Version-Release number of selected component (if applicable):
ES_VER=5.6.12
OCP 3.10


Actual results:
sh-4.2$ /usr/share/elasticsearch/plugins/openshift-elasticsearch/sgadmin.sh \
 >         -cd ${HOME}/sgconfig \
>         -i .searchguard.${HOSTNAME} \
>         -ks /etc/elasticsearch/secret/searchguard.key \
 >         -kst JKS \
>         -kspass kspass \
>         -ts /etc/elasticsearch/secret/searchguard.truststore \
>         -tst JKS \
>         -tspass tspass \
>         -nhnv \
>         -icl
/etc/elasticsearch ~
Search Guard Admin v5
Will connect to localhost:9300 ... done
ERROR StatusLogger No Log4j 2 configuration file found. Using default configuration (logging only errors to the console), or user programmatically provided configurations.

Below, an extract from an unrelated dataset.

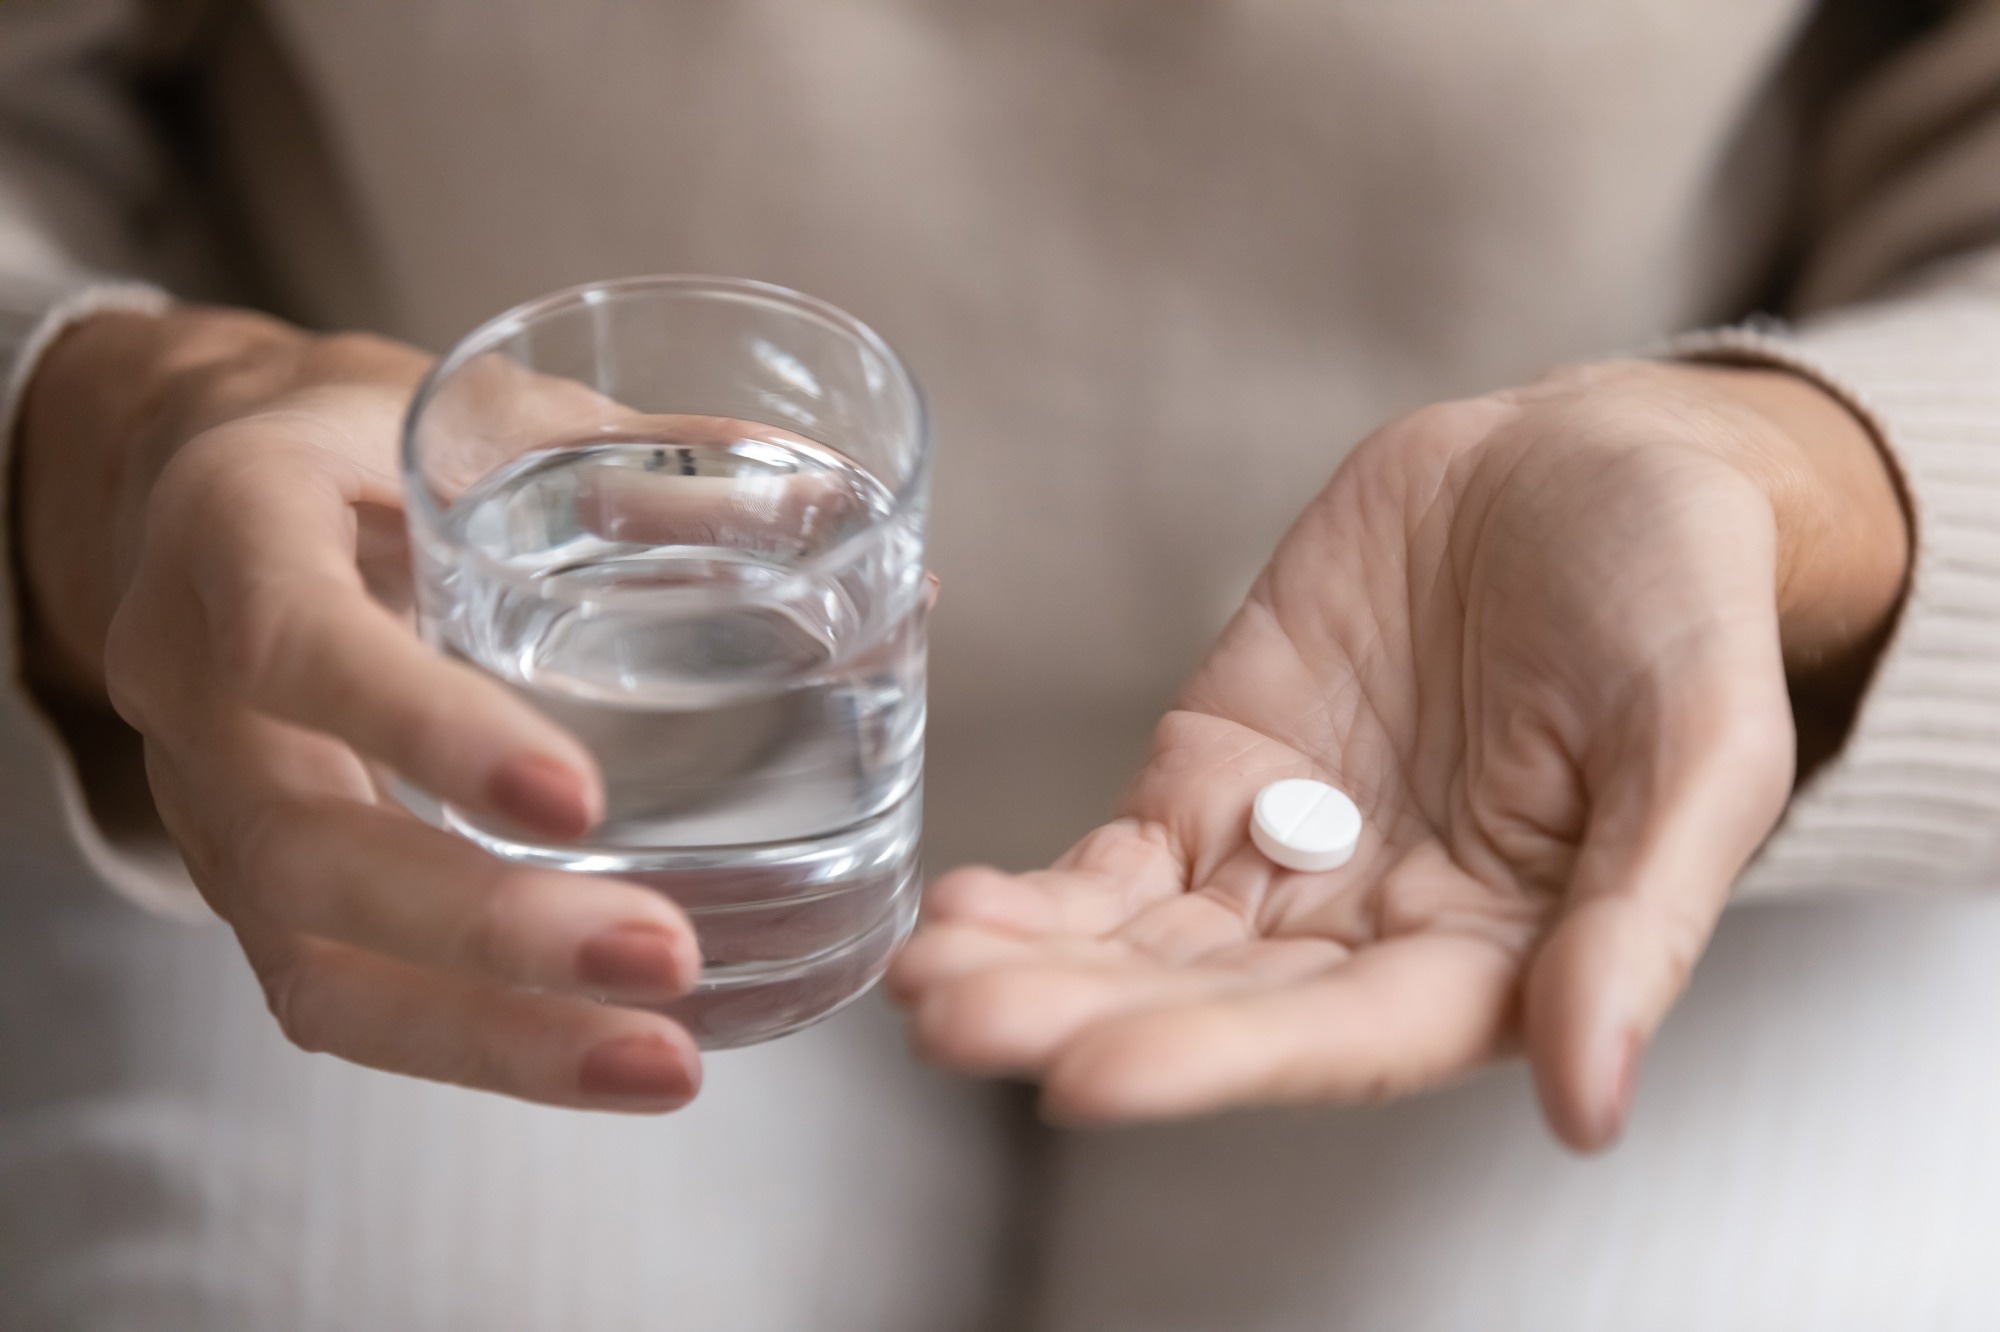 Study: Potential impact on using aspirin as the primary prevention of adverse pregnancy outcomes in twins conceived using ART. Image Credit: fizkes/Shutterstock.com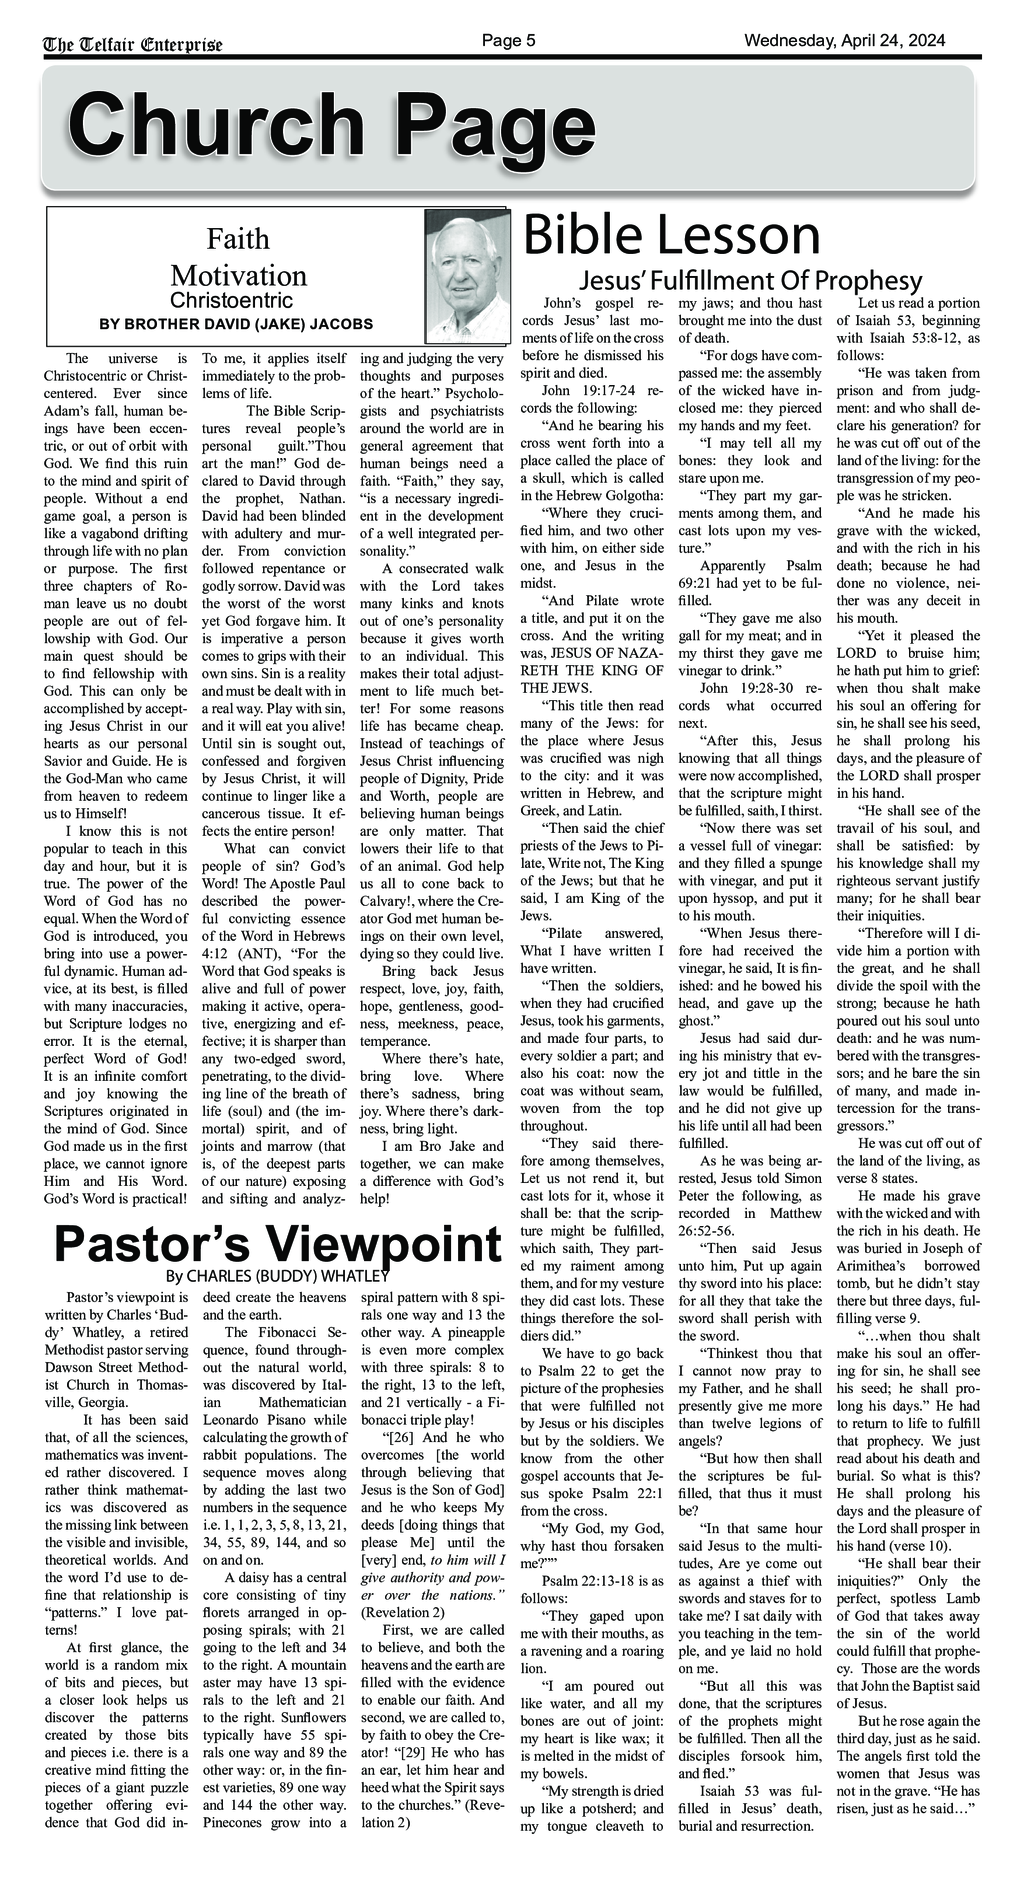 A newspaper article about a bible lesson and pastor 's viewpoint.

Set system property 'log4j2.debug' to show Log4j 2 internal initialization logging. See https://logging.apache.org/log4j/2.x/manual/configuration.html for instructions on how to configure Log4j 2
Elasticsearch Version: 5.6.12
Search Guard Version: <unknown>
Contacting elasticsearch cluster 'elasticsearch' and wait for YELLOW clusterstate ...
Clustername: logging-es
Clusterstate: GREEN
Number of nodes: 3
Number of data nodes: 3
ERR: An unexpected ElasticsearchSecurityException occured: Search Guard not initialized (SG11) for indices:admin/exists. See https://github.com/floragunncom/search-guard-docs/blob/master/sgadmin.md
Trace:
ElasticsearchSecurityException[Search Guard not initialized (SG11) for indices:admin/exists. See https://github.com/floragunncom/search-guard-docs/blob/master/sgadmin.md]
        at com.floragunn.searchguard.filter.SearchGuardFilter.apply(SearchGuardFilter.java:122)
        at org.elasticsearch.action.support.TransportAction$RequestFilterChain.proceed(TransportAction.java:168)
        at org.elasticsearch.action.support.TransportAction.execute(TransportAction.java:142)
        at org.elasticsearch.action.support.HandledTransportAction$TransportHandler.messageReceived(HandledTransportAction.java:64)
        at org.elasticsearch.action.support.HandledTransportAction$TransportHandler.messageReceived(HandledTransportAction.java:54)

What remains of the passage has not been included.